El chaval era el hijo de la lavandera; pasaba por allí y se quitó respetuosamente la gorra, cuya visera estaba doblada de modo que pudiese guardarse en el bolsillo. El niño, pobremente vestido pero con prendas limpias y cuidadosamente remendadas, se detuvo reverente, cual si se encontrase ante el Rey en persona.
- Eres un buen muchacho - dijo el alcalde -, y muy bien educado. Tu madre debe de estar lavando ropa en el río. Y tú irás a llevarle eso que traes en el bolsillo, ¿no? Mal asunto, ese de tu madre. ¿Cuánto le llevas?

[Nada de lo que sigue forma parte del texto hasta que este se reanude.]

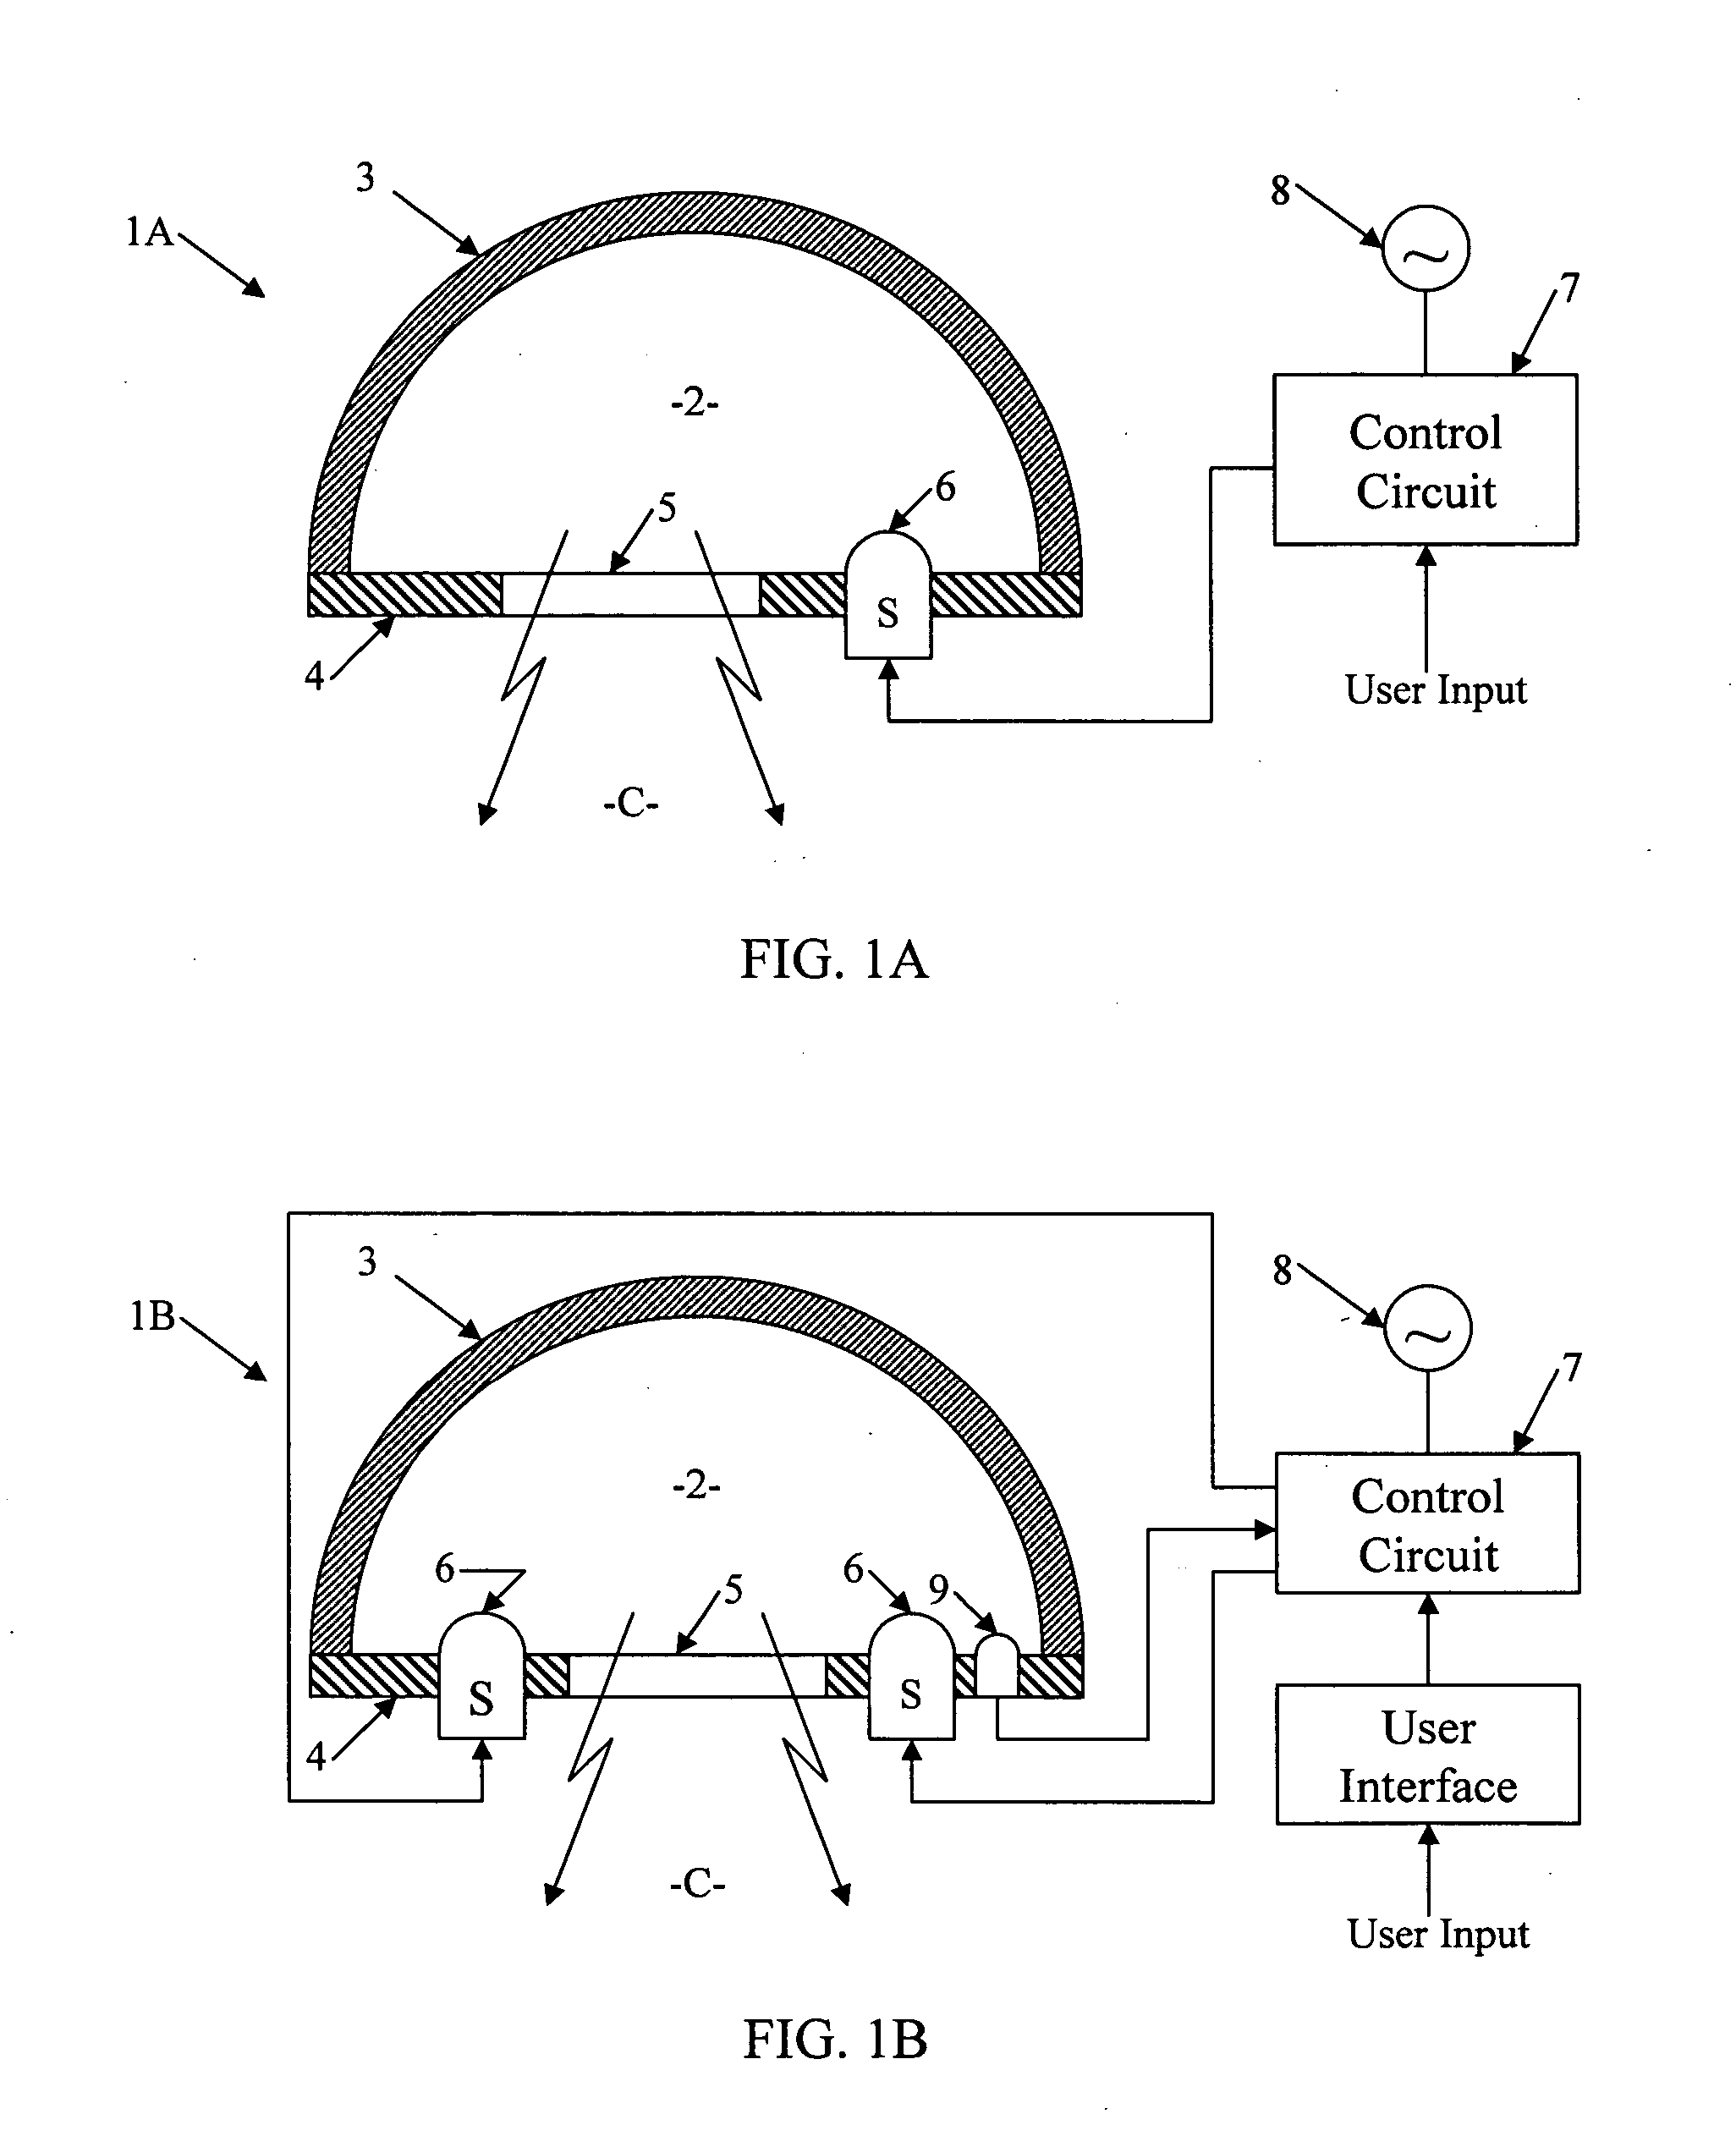 Conversion of solid state source output to virtual source

- Medio cuartillo - contestó el niño a media voz, en tono asustado.
- ¿Y esta mañana se bebió otro tanto? - prosiguió el hombre.
- No, fue ayer - corrigió el pequeño.
- Dos cuartos hacen un medio. No vale para nada. Es triste la condición de esa gente. Dile a tu madre que debiera avergonzarse. Y tú procura no ser un borracho, aunque mucho me temo que también lo serás. ¡Pobre chiquillo! Anda, vete.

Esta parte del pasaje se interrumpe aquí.